An armed counterstrike to a cyberattack “sounds so provocative,” says Kristin Lord, director of studies at the Center for a New American Security (CNAS).
But it may also be stabilizing, she argues. “What the Pentagon and White House are trying to do is say that, in a circumstance when we have been attacked in a way that inflicts damage equivalent to an armed attack, we reserve the right to respond in kind,” explains Dr. Lord, who has co-authored a recent CNAS report on “America’s Cyber Future.”
The Pentagon’s new strategy should focus on threatening retaliation, rather than improving defense against cyber-incursions, Cartwright said in remarks at a Defense Writers Group breakfast on July 14. The current approach is “way too predictable. It’s purely defensive."
While the strategy now focuses on defending networks, Cartwright says the next phase must deliver a message "to the attacker, ‘If you do this, the price to you is going to go up.' ”
Lawmakers, for their part, have been urging the Pentagon to spell out how the military would respond if a particular cyberattack was indeed an act of war.
Although Congress last year demanded a “Strategy for Operating in Cyberspace” by March, Defense officials did not deliver their final report until last week – and what they did deliver, say lawmakers, was dangerously lacking in details.
The Pentagon's obligations "remain unmet," wrote the Senate Armed Services Committee in a letter to Defense Secretary Leon Panetta Wednesday.
This letter came on the heels of a lively confirmation hearing Tuesday for Madelyn Creedon as assistant secretary of Defense for global strategic affairs. Sen. John McCain, the top Republican on the committee, repeatedly pressed Ms. Creedon illustrate a potential consequence of a cyberattack against the US.
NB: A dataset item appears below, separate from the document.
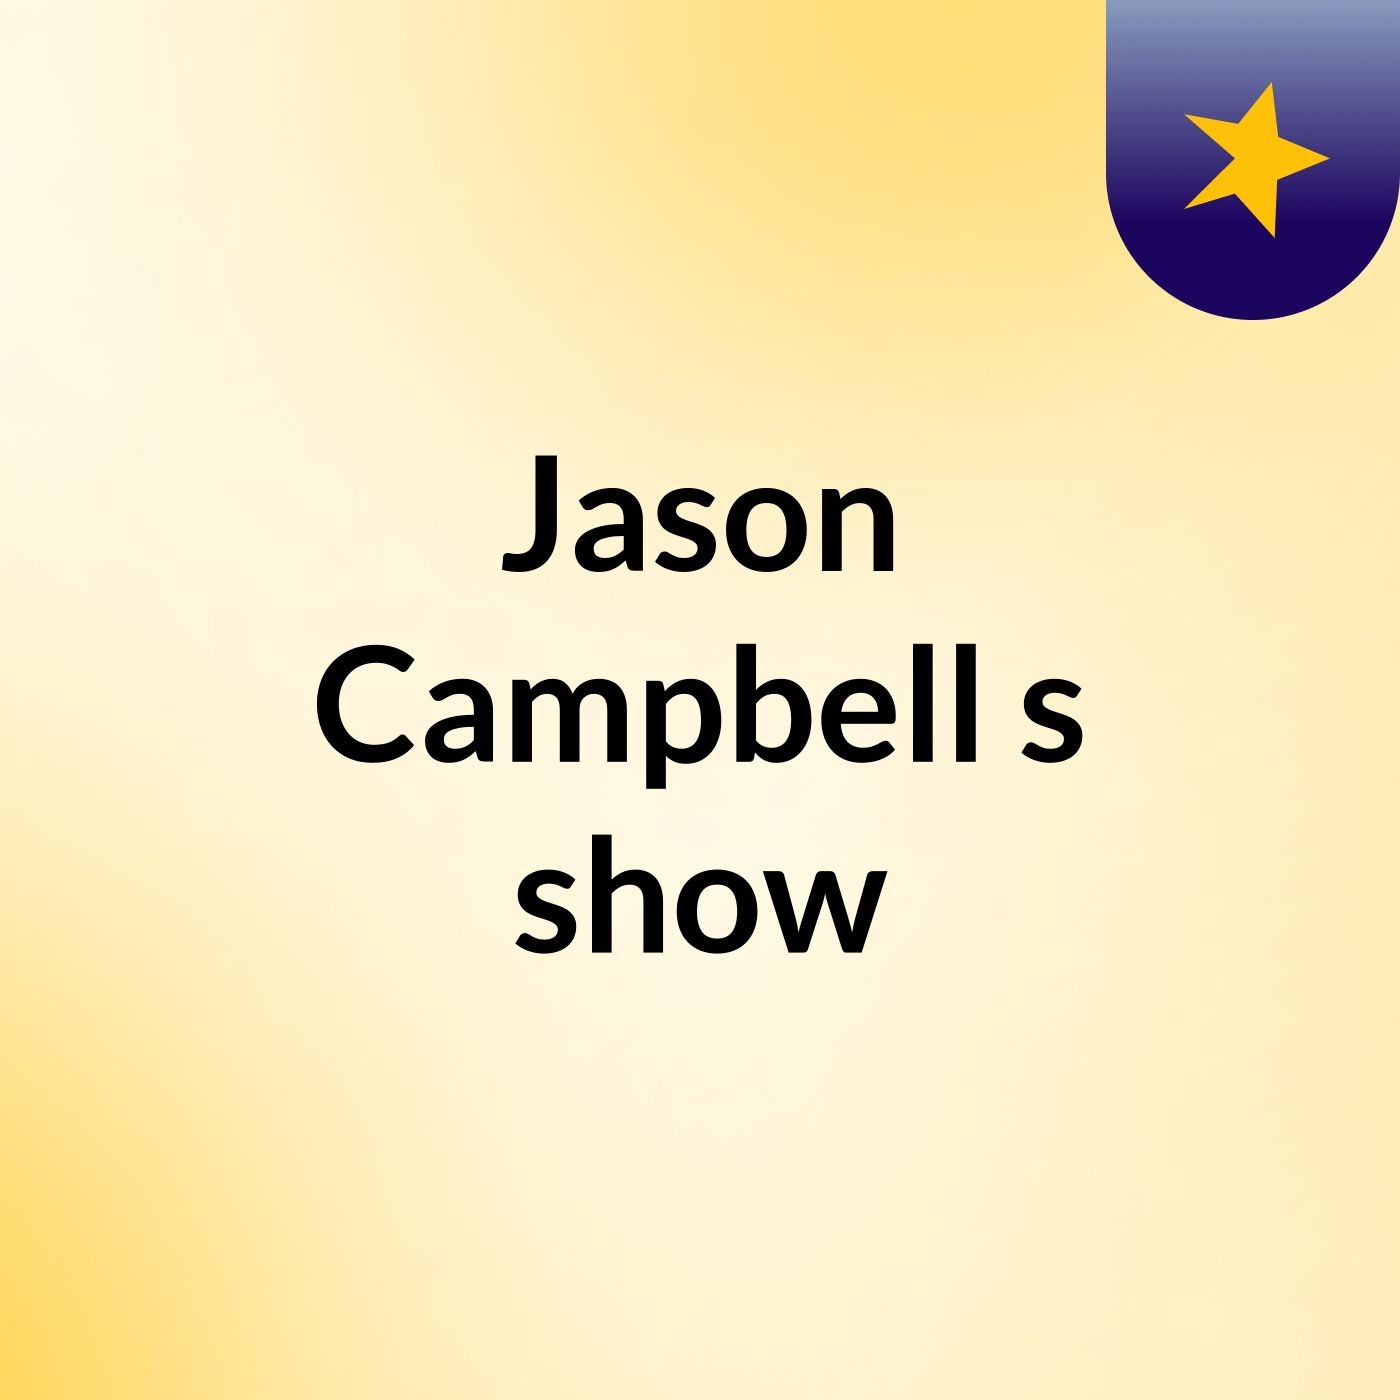 Jason Campbell's show

“If we knew who did it ... maybe it could be something that would deal with their ability to attack us further,” she said. “It could be a land-based attack.”
Creedon cited Cartwright's estimation that 90 percent of the Pentagon’s approach to cyberattacks is, in his words, “How to build the next best firewall,” while 10 percent is “What we might do to prevent them from attacking us.”
Those figures should be inverted, she told lawmakers, and the responsibilities shared.
“We need to shift from a mostly defensive position to ... at least 50-50 on the part of the US government," she said, with "90 [percent] offense and 10 percent defense” for the military.
She added: "It's one of those longer-term goals."